療養病床大幅削減を考える

もう一度、入院後家に帰れない患者のルートをおさらいします。

    一般病床→療養病床→老健→特養
統計によりますと日本の病床数は平成16年6月末で総数が1,631,338床、そのうち一般病床が911,769床、療養病床が349,714床となっています。ちなみにその他は精神病床、感染病床、結核病床となっています。また病床利用率はこれも統計によると平成16年で一般病床79.4%、療養病床93.5%です。

日本が超高齢化社会になっていくのは統計上の必然です。団塊の世代が高齢者群に突入すれば、10/7エントリーで引用した厚労官僚の言葉通り、年間の死亡者は現在の100万人から170万人に増えても不思議ありませんし、そうなるとこれに比例するように高齢者の入院患者も1.7倍になると考えるのが妥当かと思います。この手の将来予測は予測するものに都合が良い数字を出すのが常ですが、厚労官僚のお話は病床数が足りなくなるので在宅療法を推進せよとのご趣旨でしたので、少なめに見積もる必要が無いので、それなりに信用しても良いでしょう。

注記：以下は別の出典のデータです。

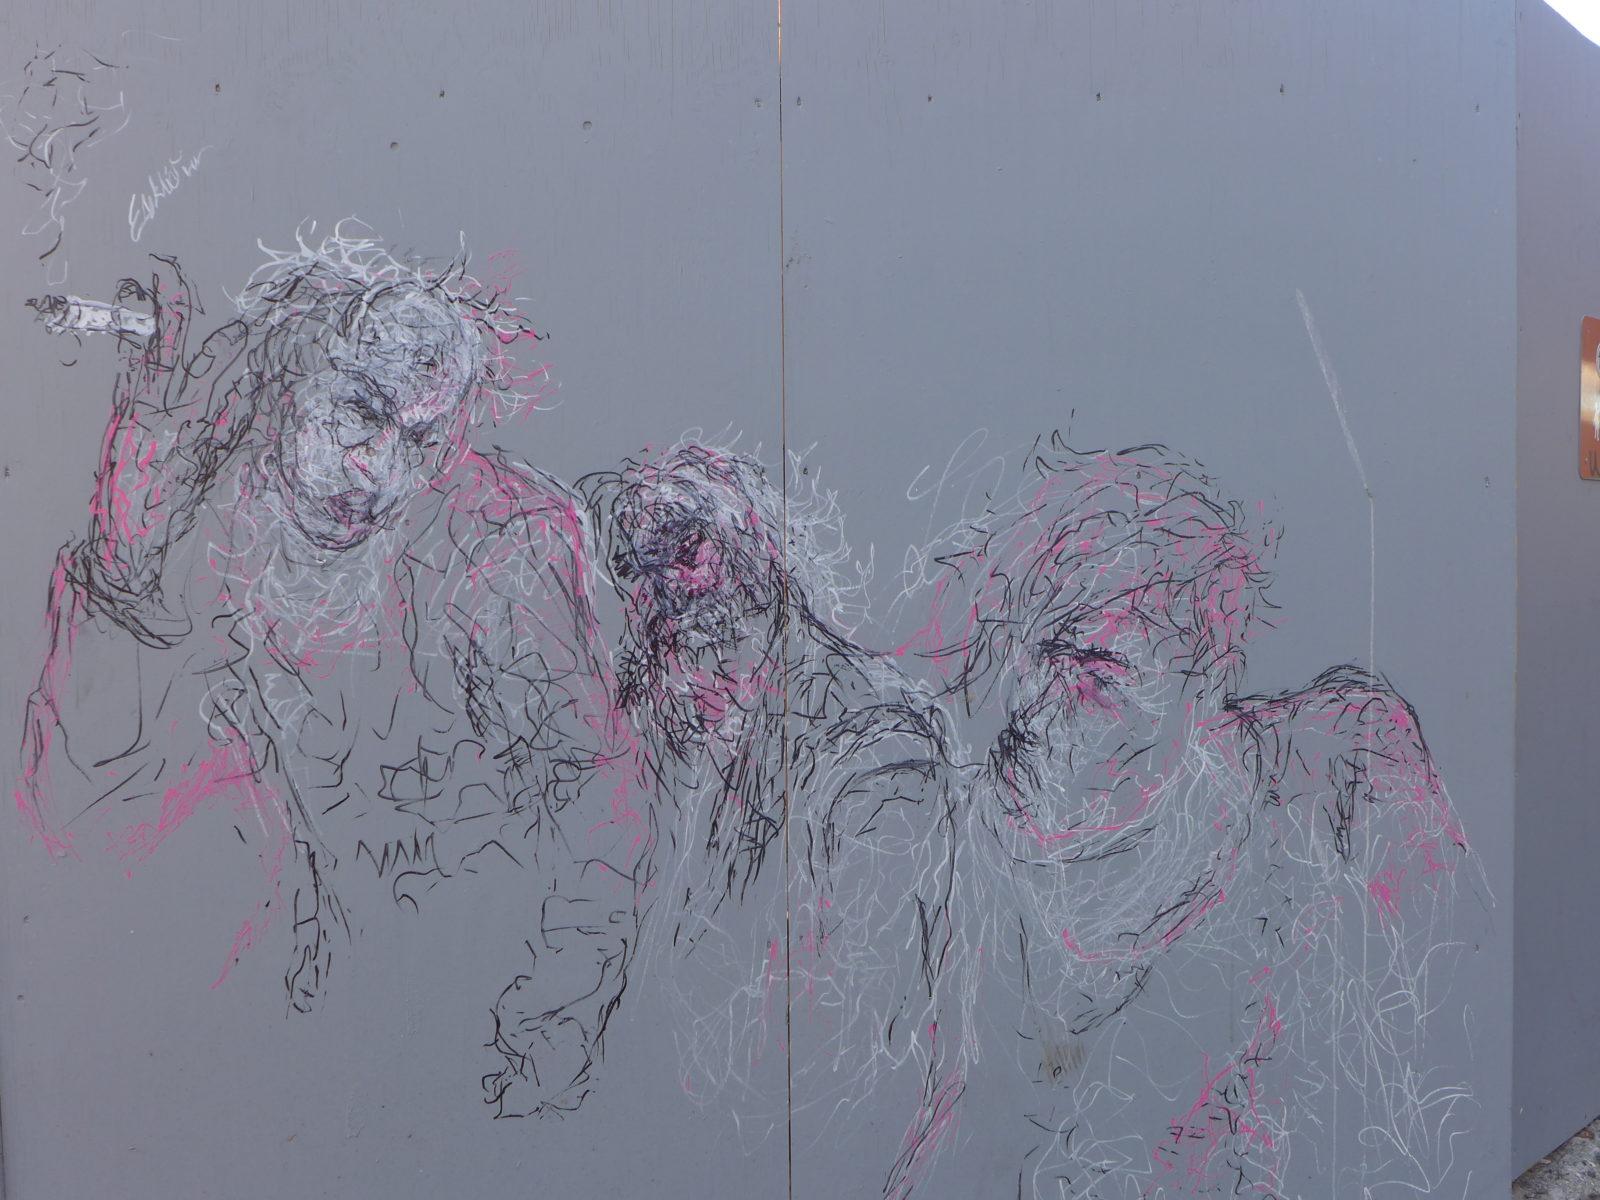 street art reykjavik islande chantier portraits - Focus sur Reykjavik : la capitale de l'Islande s'ouvre au street art !
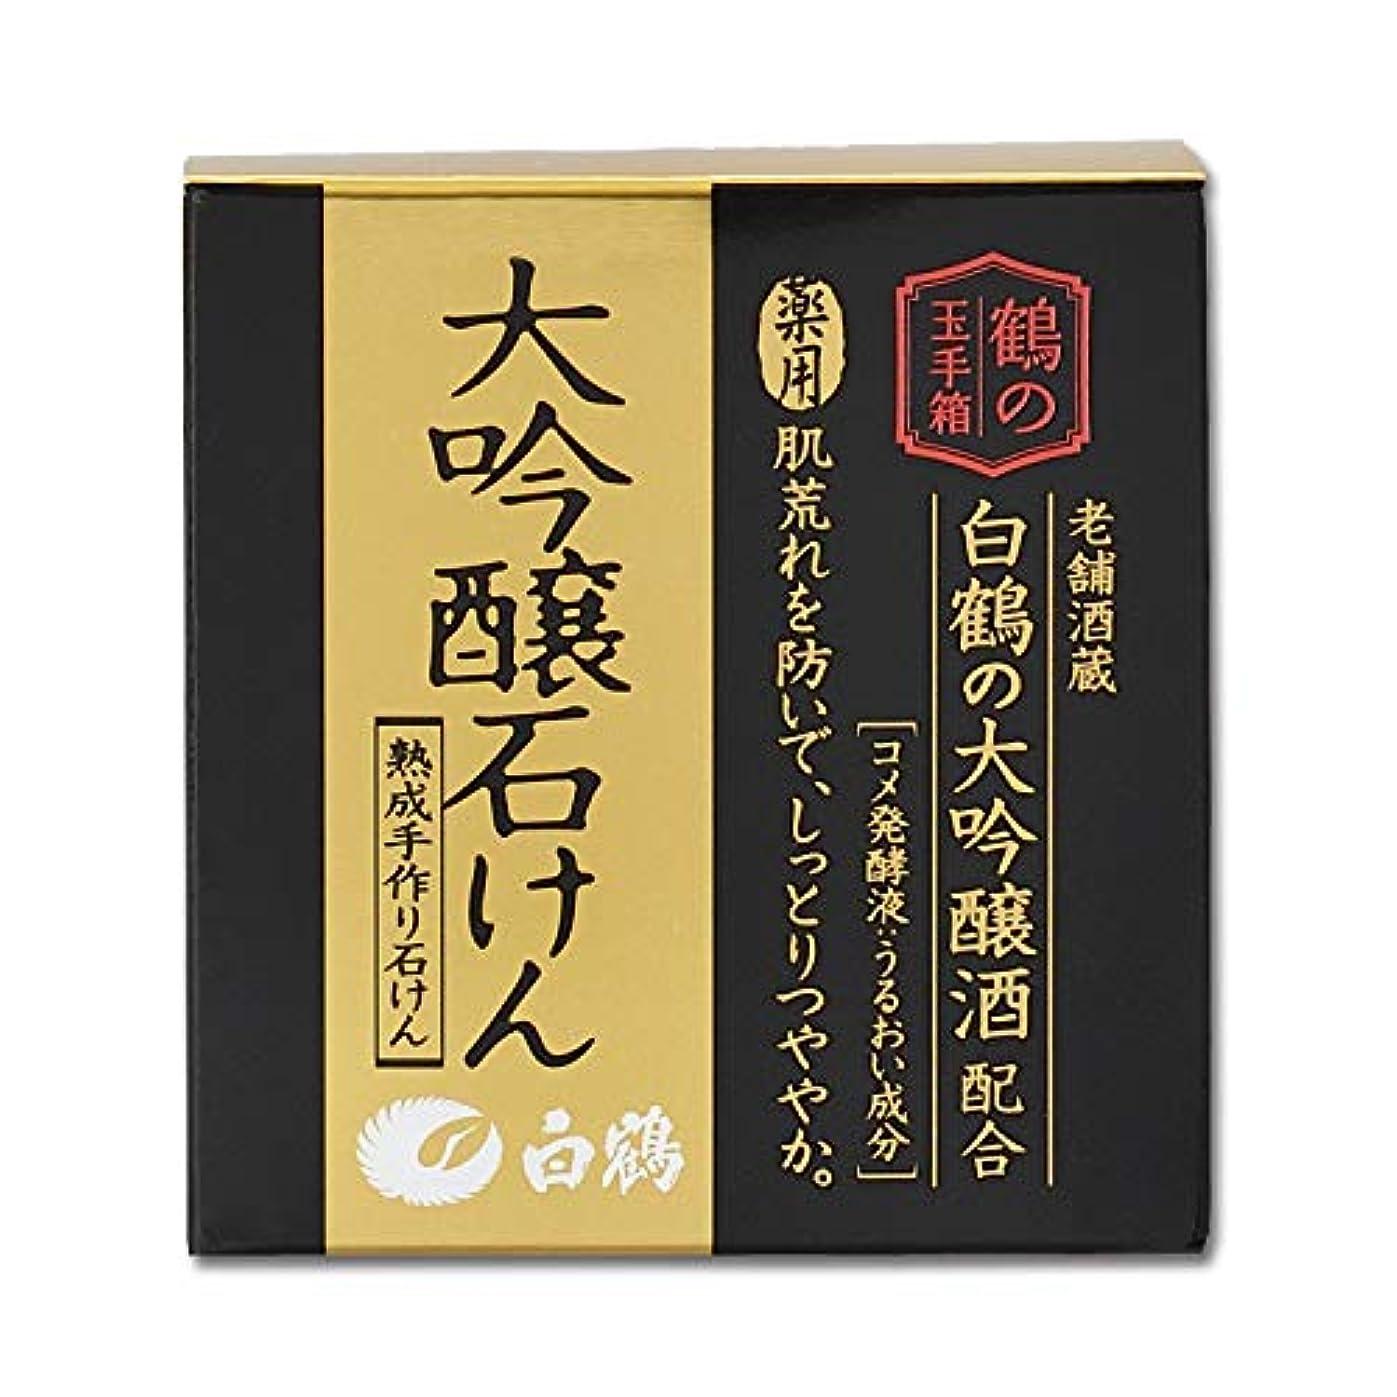 脚市長ぴったり白鶴 鶴の玉手箱 薬用 大吟醸石けん 100g (医薬部外品)

高齢者が増えれば病気が増え、入院を必要とする患者も増えるのは人間の老化から避けがたい現象です。予防医療に力を入れても大きな効果は期待できません。また高齢者の病気は慢性化しやすく、発症した病気を治療しても、同時に重大な合併症や後遺症を起こすことが多いのも常識です。今後の医学の進歩を考えても、革命的な治療法が開発されない限りこれも大きくは変わりません。老化に勝てる医療の出現はほとんど期待できないからです。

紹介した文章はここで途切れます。